There is also great confusion in the record as to whether the Applicant actually traveled to Turkey or Iran in 1999. His own witness testified that he traveled to Iran in 1999. This completely contradicts the Applicant's testimony. This fact standing alone raises serious questions about the Applicant's credibility, and thus his suitability for access to classified information. Not withstanding this, the evidence is clear that he entered at least one of these countries in 1999, using his Iranian passport after having become an American citizen. Thus, the Applicant has not demonstrated an unequivocal preference for the United States. Under the circumstances of this case, I find against the Applicant under Guideline C.

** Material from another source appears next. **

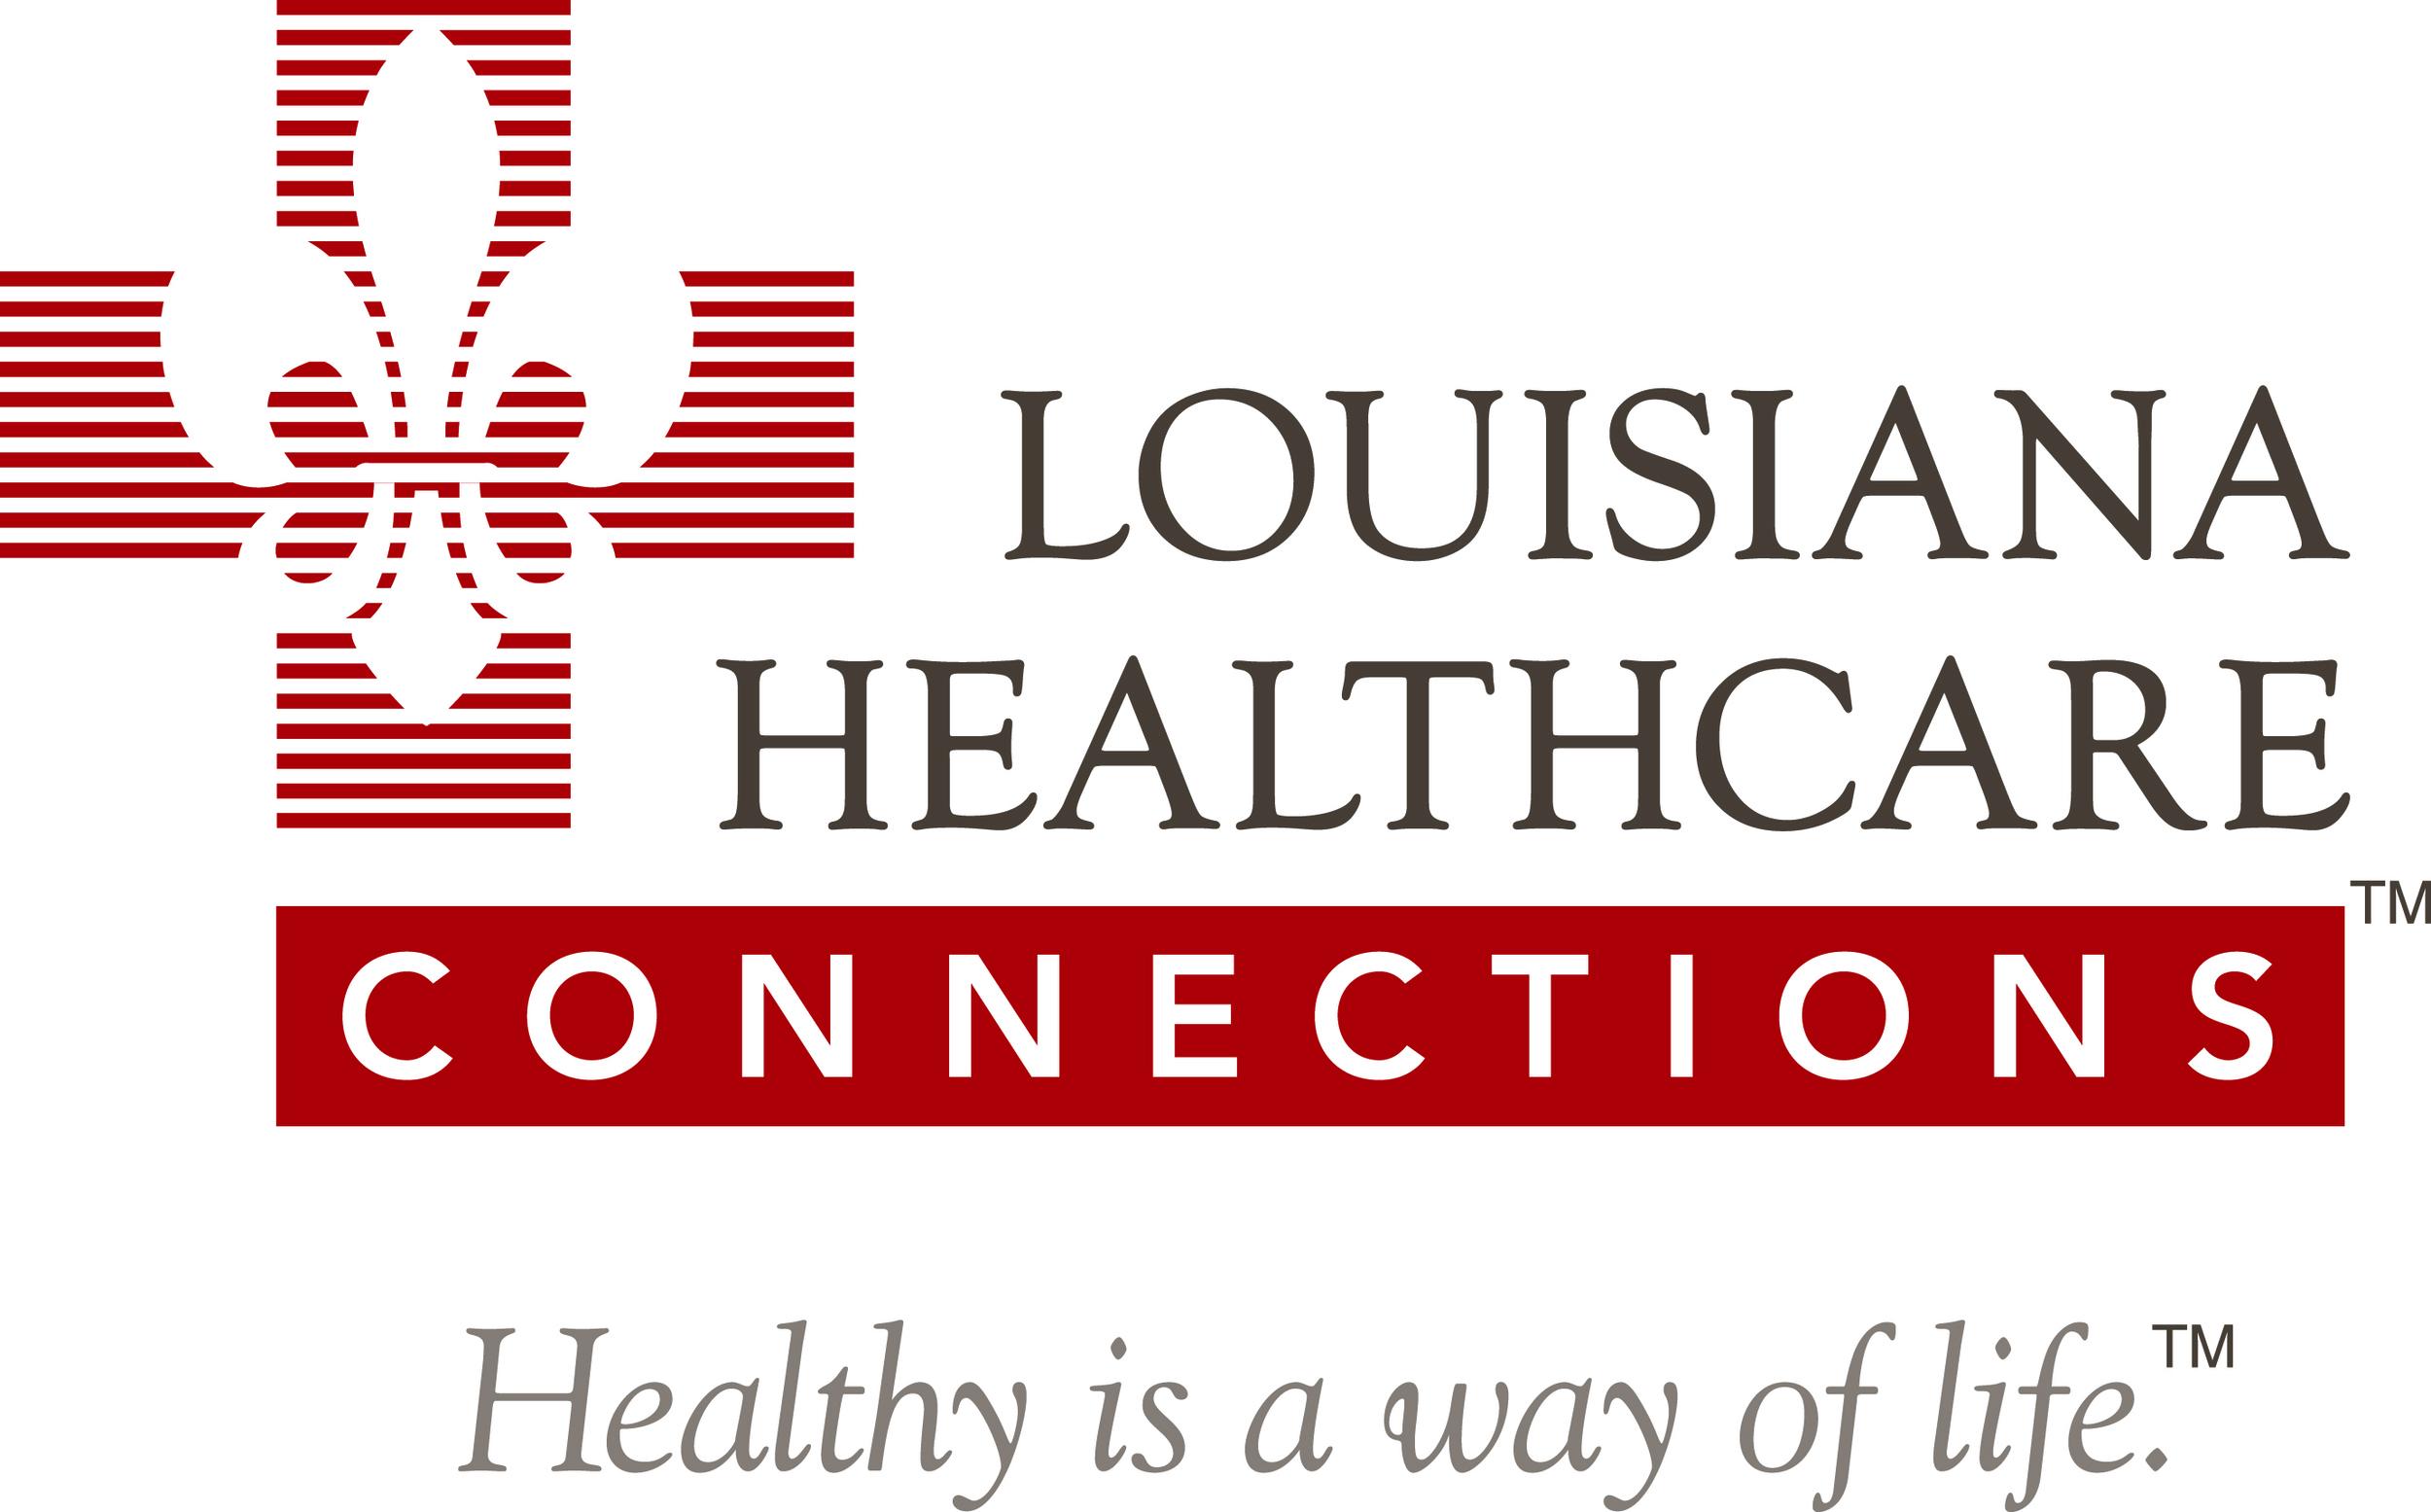 louisiana healthcare connections.jpg

In addition, there is absolutely no evidence in the record to establish that what was mailed by the Applicant's sister, on December 15, 2001, in the name of the Applicant, was indeed the Applicant's passport, nor is there any evidence that establishes that the Applicant's passport was ever delivered to the Pakistani Embassy or the Iranian interest section, or that they ever received the Applicant's passport. The evidence submitted establishes only that something was mailed. Accordingly, I cannot find that the Applicant is in compliance with the Money Memorandum.

With respect to Guideline B, the Applicant states on the one hand, that he has a close relationship with his family. On the other hand, he states that he has minimal contact with his two sisters who live in Iran, and who are Iranian citizens of long standing. Furthermore, although his mother is now a permanent resident of the United States, she is still a citizen of Iran.

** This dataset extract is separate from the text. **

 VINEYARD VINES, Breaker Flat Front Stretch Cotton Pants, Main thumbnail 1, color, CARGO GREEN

The Applicant has also maintained a close and continuing foreign contact with a British citizen who is not only a very close friend, but is also a professional colleague. Given the extremely sensitive nature of the work that the Applicant does, these contacts present enough questions, and possibilities of potential threat, that it would not be in the best interests of the security of the United States to allow Applicant access to the nation's secrets. There also remains the possibility of pressure being placed on these foreign contacts, and through them, on the Applicant. It is the Applicant's burden to show that these ties are not of a nature that could create the potential for influence that could result in the compromise of classified information. He has not done so. Accordingly, I cannot say that he would not be vulnerable to foreign influence. The risk is considerable, and is of present security significance. Accordingly, the Applicant's request for a security clearance must be denied under Guideline B.

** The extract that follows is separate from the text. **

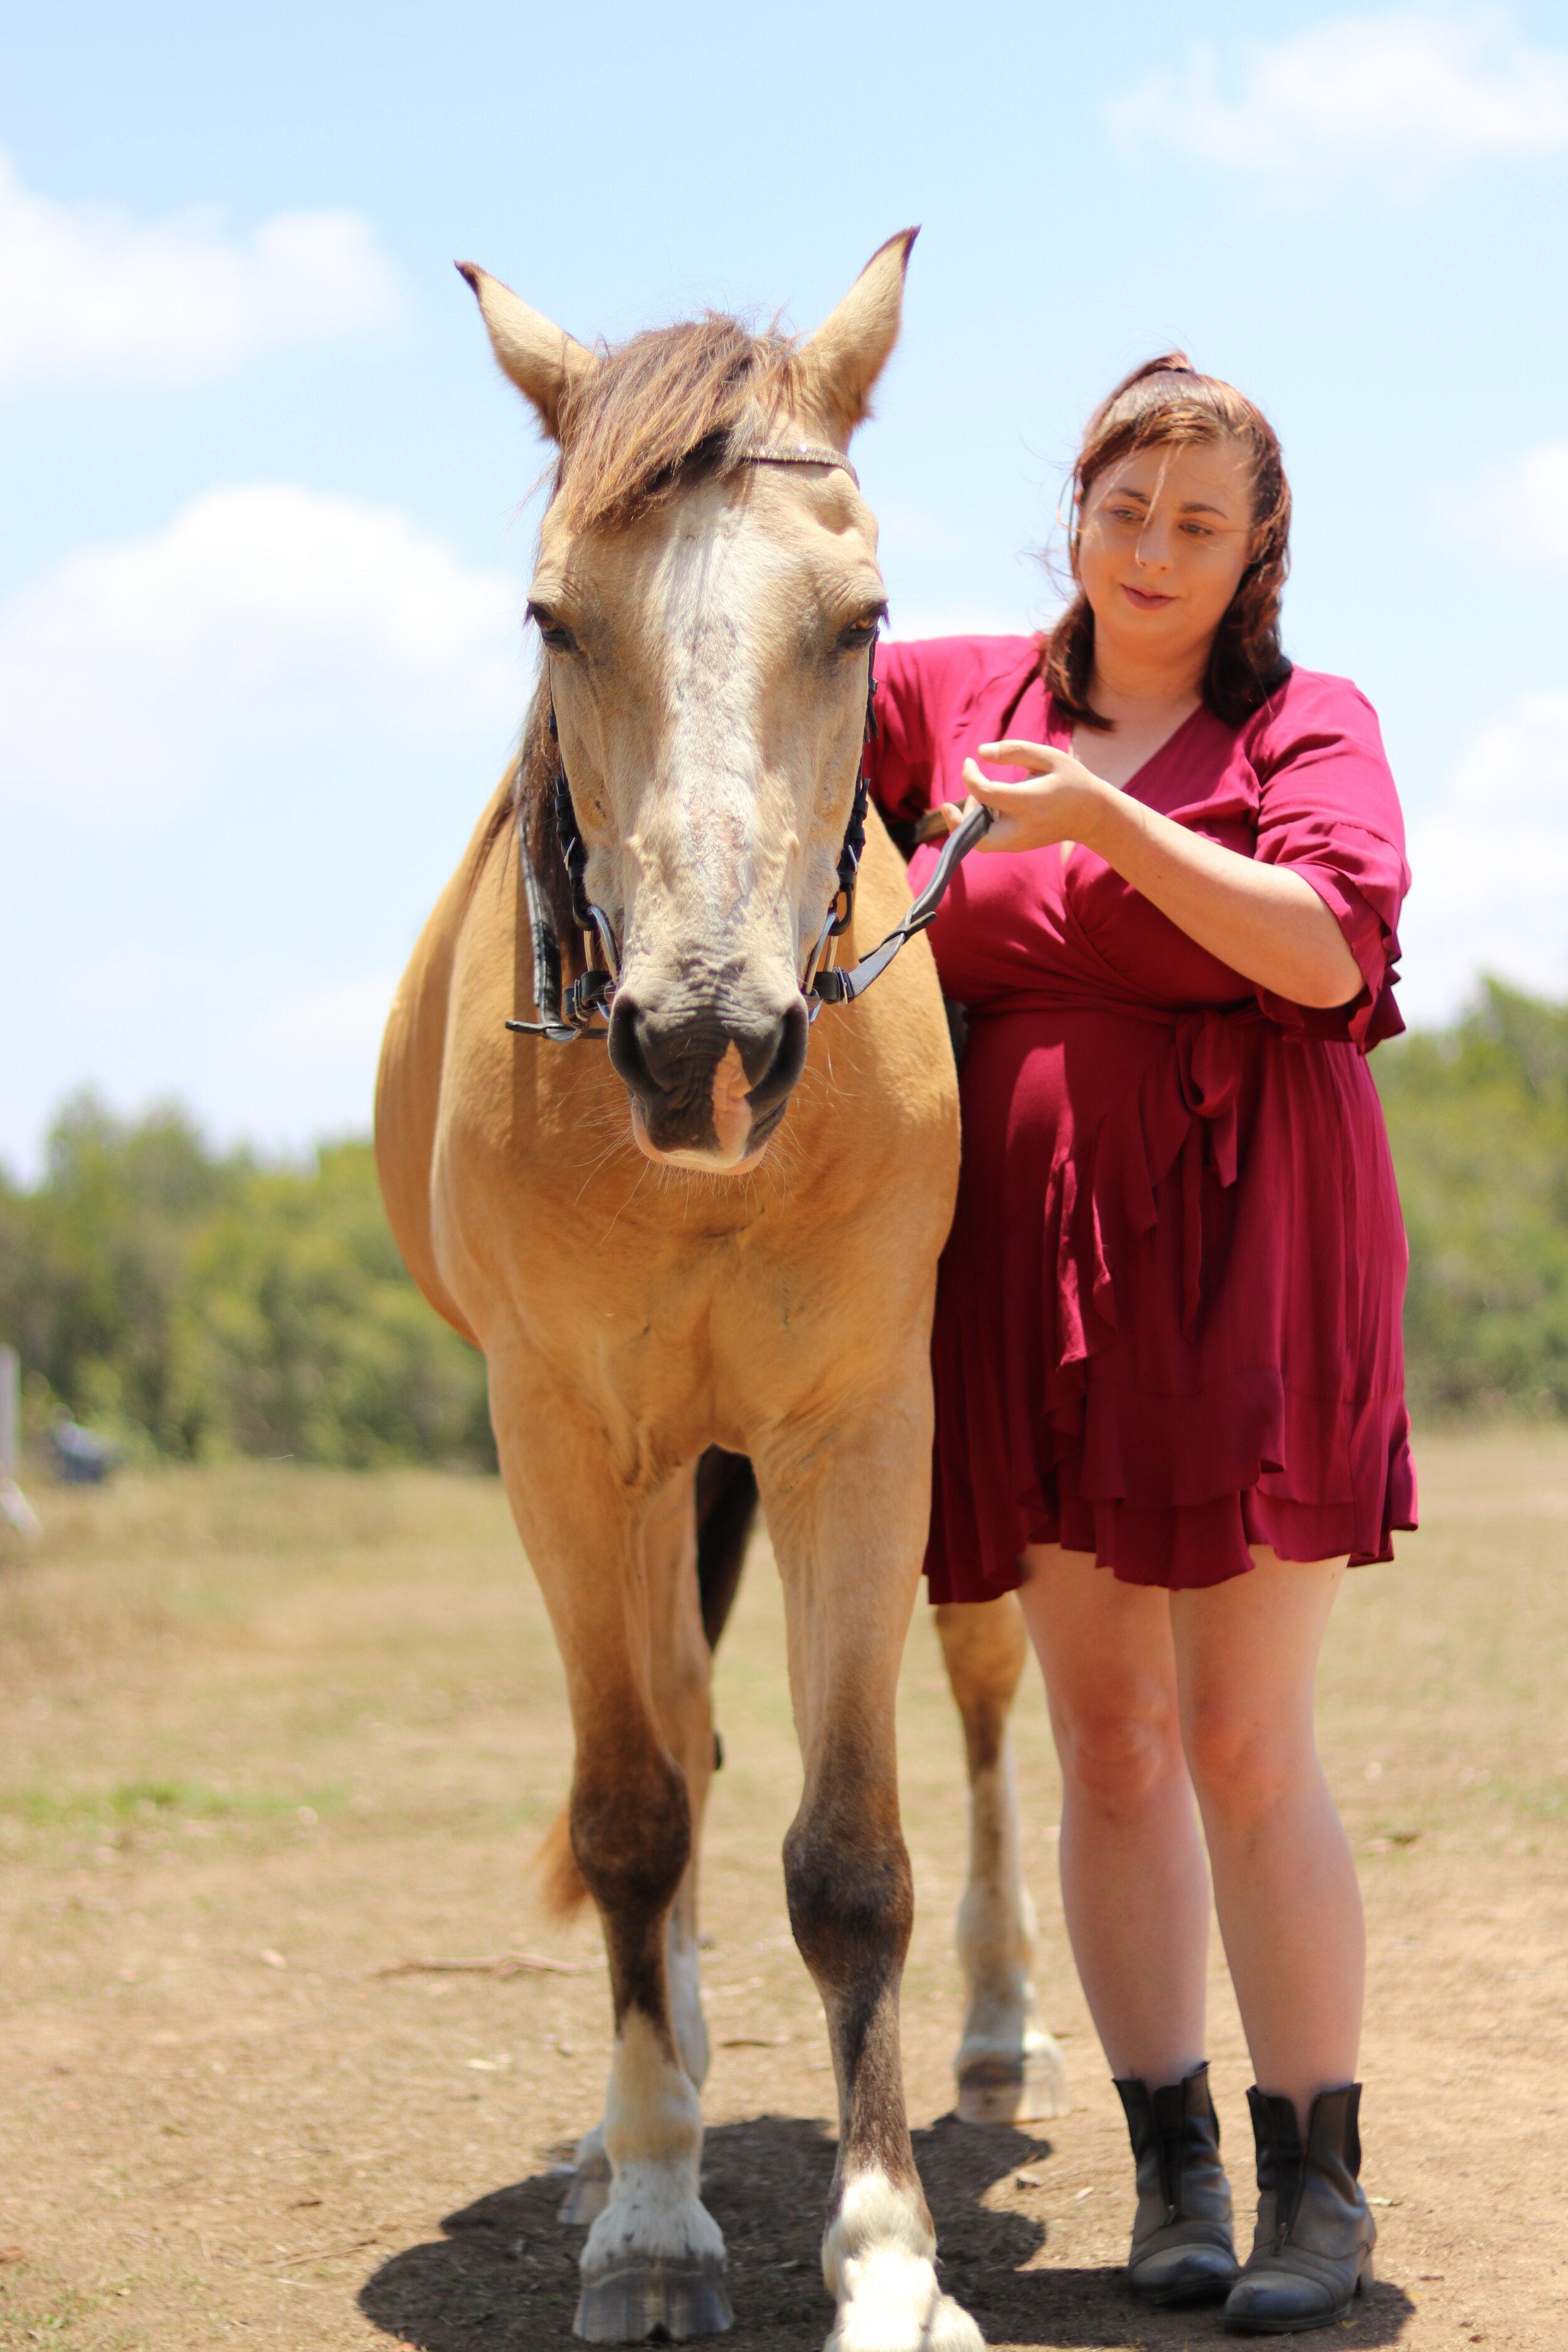 Equestrian Movement Bringing A Senior Horse Back Into Work

Considering all the evidence, the Applicant has not rebutted the Government's case regarding his foreign influence and foreign preference. The Applicant has not met the mitigating conditions of Guidelines C and B of the adjudicative guidelines set forth in Enclosure 2 of the Directive. Accordingly, he has not met his ultimate burden of persuasion under Paragraph 1 and 2 of the SOR.

FORMAL FINDINGS

Formal Findings For or Against the Applicant on the allegations in the SOR, as required by Paragraph 25 of Enclosure 3 of the Directive are:

Paragraph 1: Against the Applicant.

Subparas. 1.a.: Against the Applicant

1.b.: Against the Applicant

1.c.: Against the Applicant

1.d.: Against the Applicant

Paragraph 2: Against the Applicant.

Subparas. 2.a.: Against the Applicant

2.b.: Against the Applicant

2.c.: Against the Applicant

2.d.: Against the Applicant

2.e.: Against the Applicant

2.f.: Against the Applicant

DECISION

In light of the circumstances presented by the record in this case, it is not clearly consistent with the national interests to grant or continue a security clearance for the Applicant.